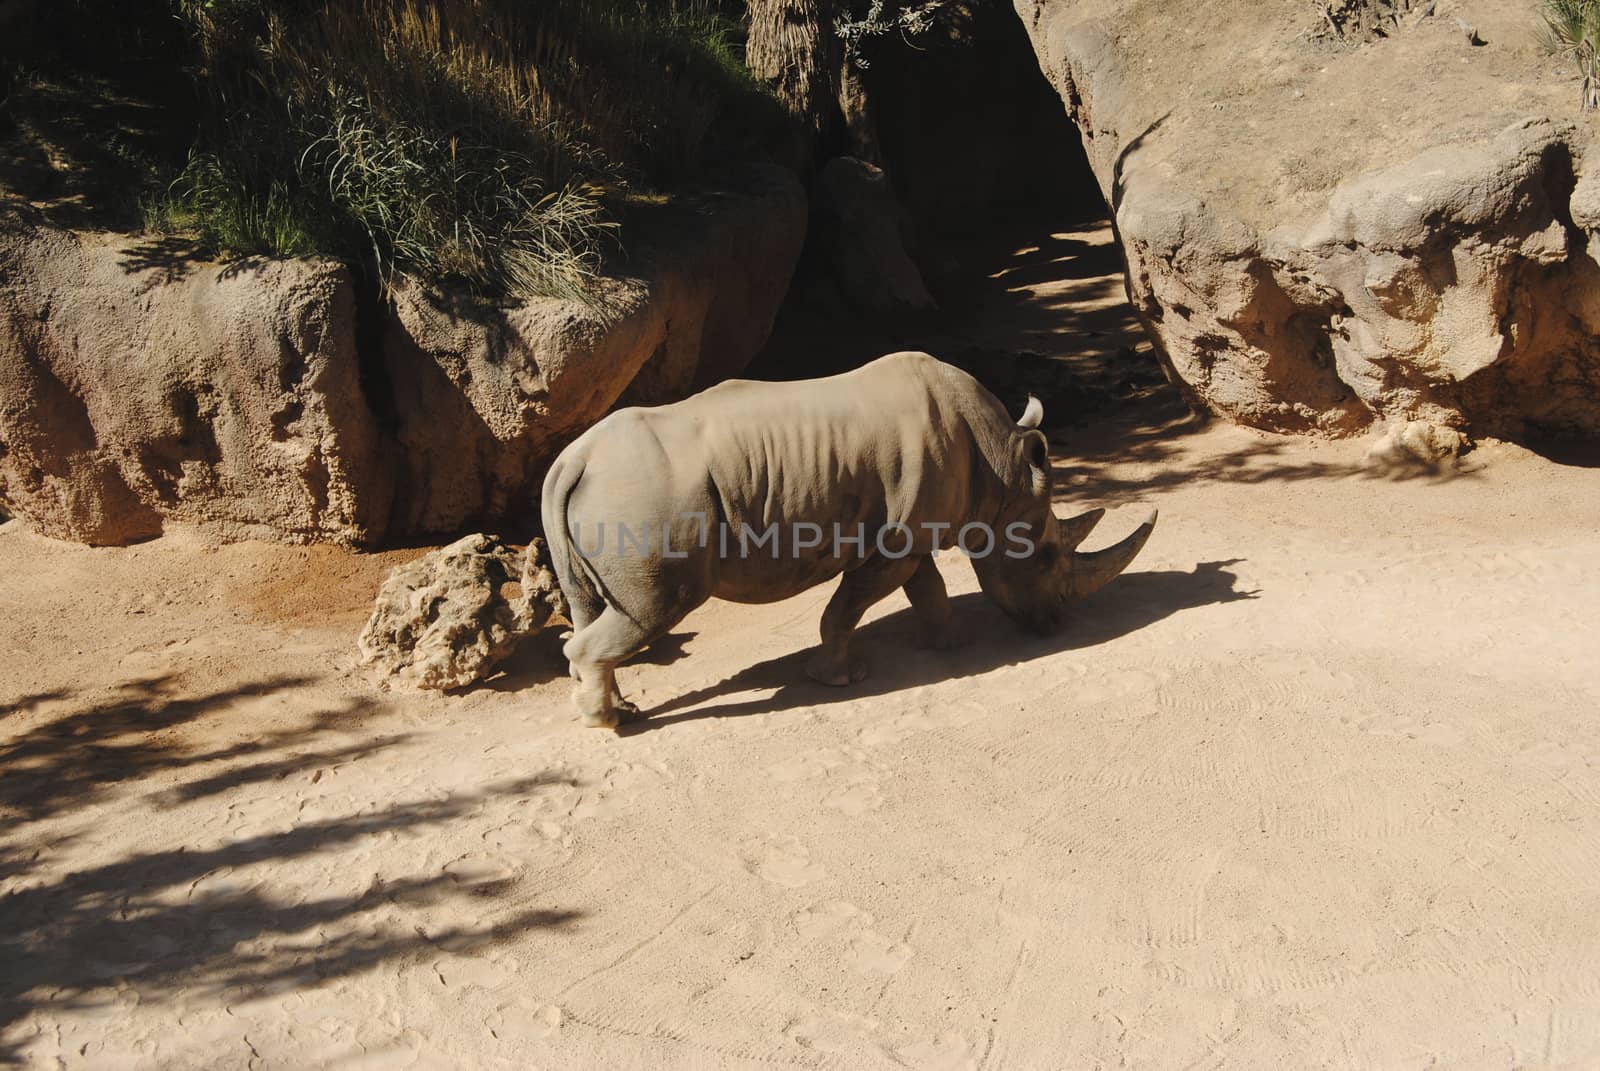 Rhinoceros walking on the sand. by raul_ruiz
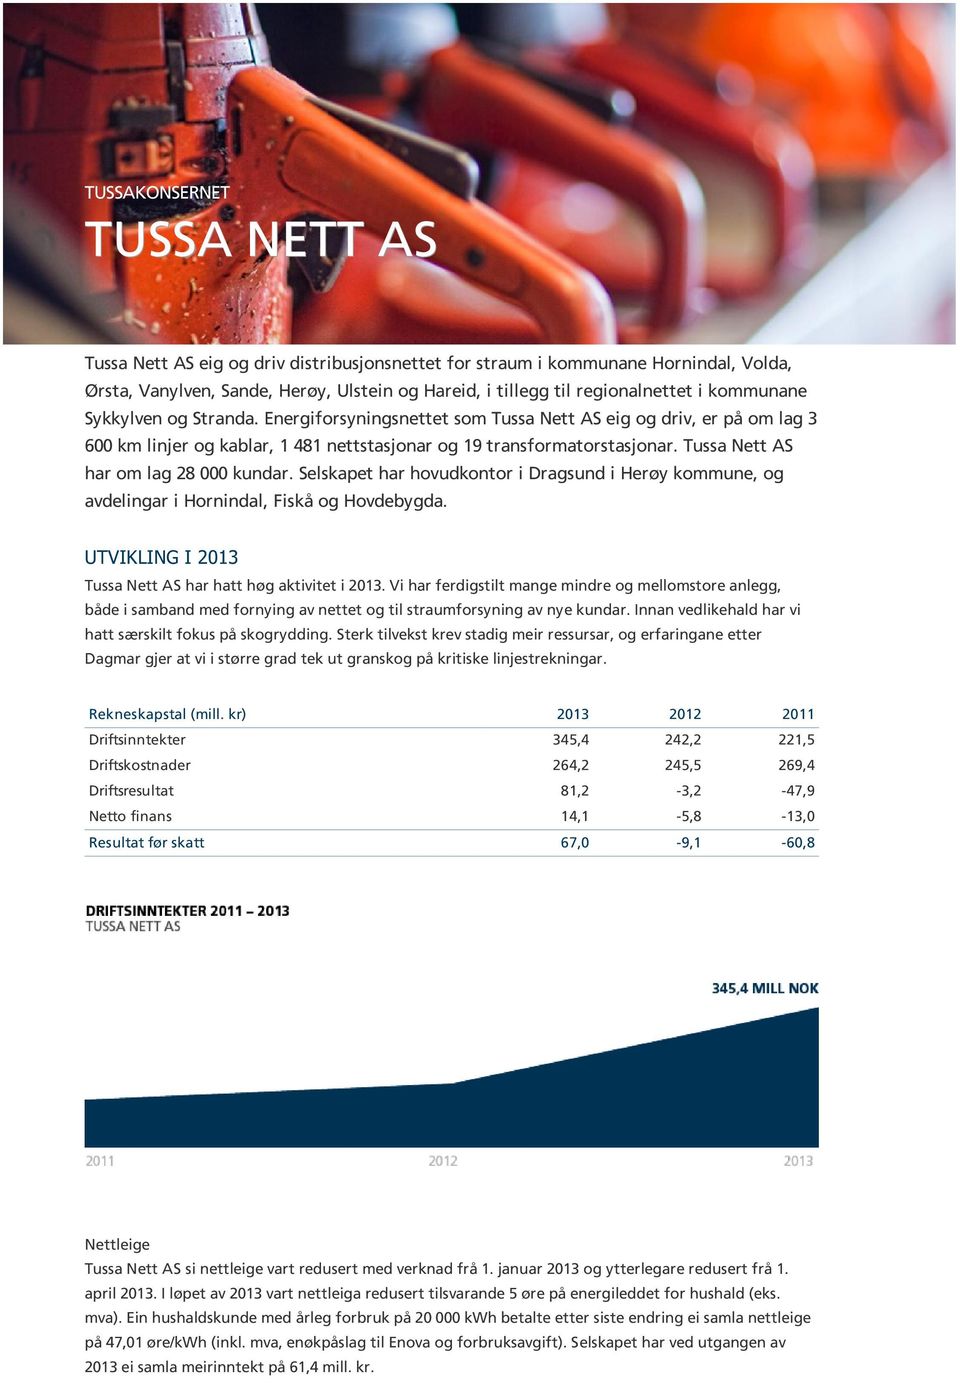 Tussa Nett AS har om lag 28 000 kundar. Selskapet har hovudkontor i Dragsund i Herøy kommune, og avdelingar i Hornindal, Fiskå og Hovdebygda.
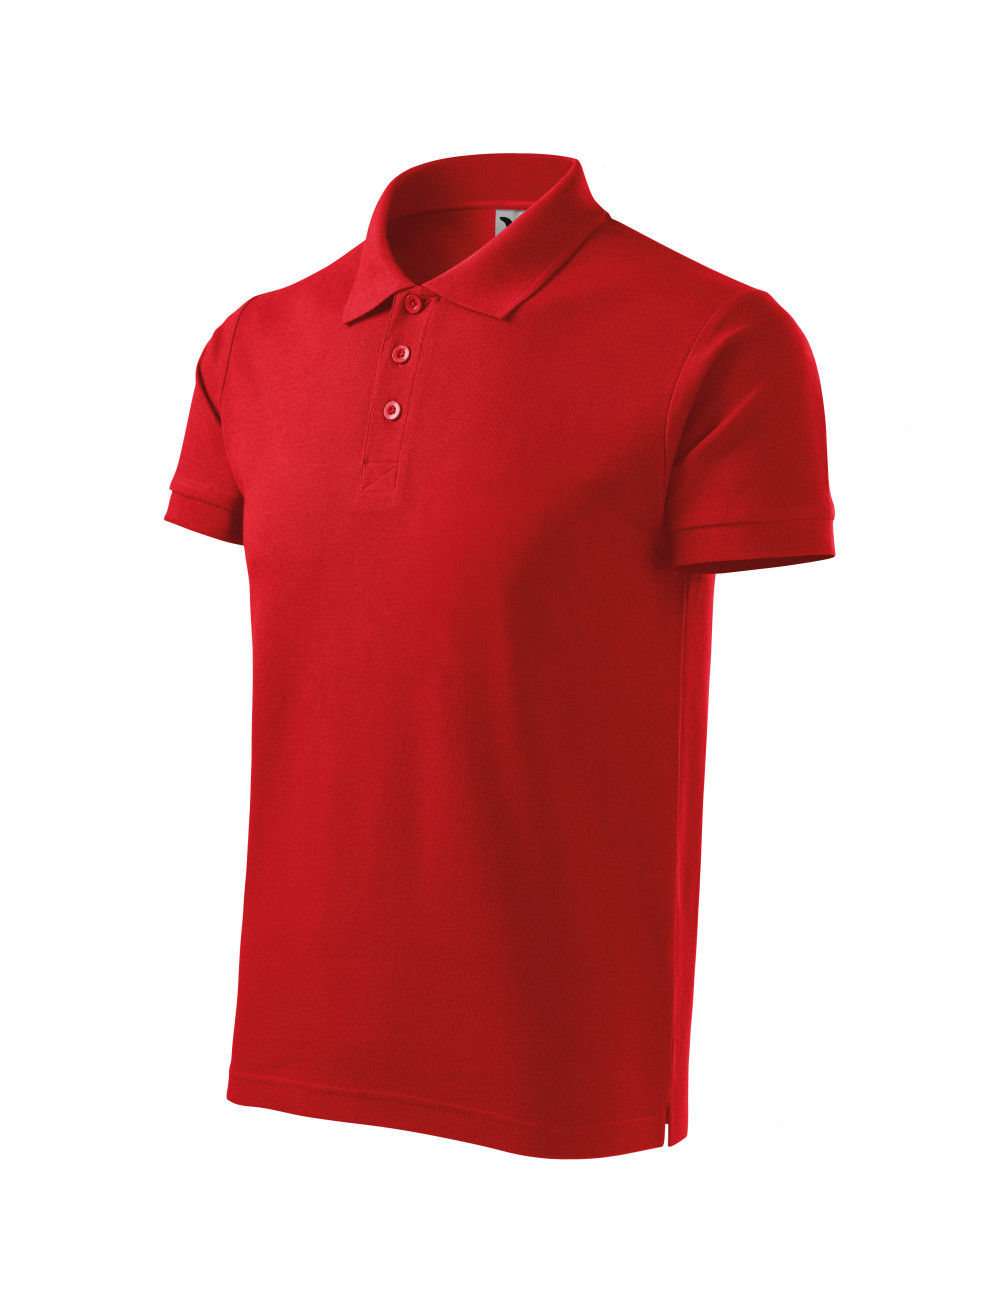 Koszulka polo męska cotton heavy 215 czerwony Adler Malfini
-*-
== ASSIGNMENT ==
Pictures aside, transcribe exactly the lines from the line containing "Tussa Nett AS" through the final line of the material above.

== OUTPUT OF THE EXERCISE ==
 Tussa Nett AS har om lag 28 000 kundar. Selskapet har hovudkontor i Dragsund i Herøy kommune, og avdelingar i Hornindal, Fiskå og Hovdebygda.
 Koszulka polo męska cotton heavy 215 czerwony Adler Malfini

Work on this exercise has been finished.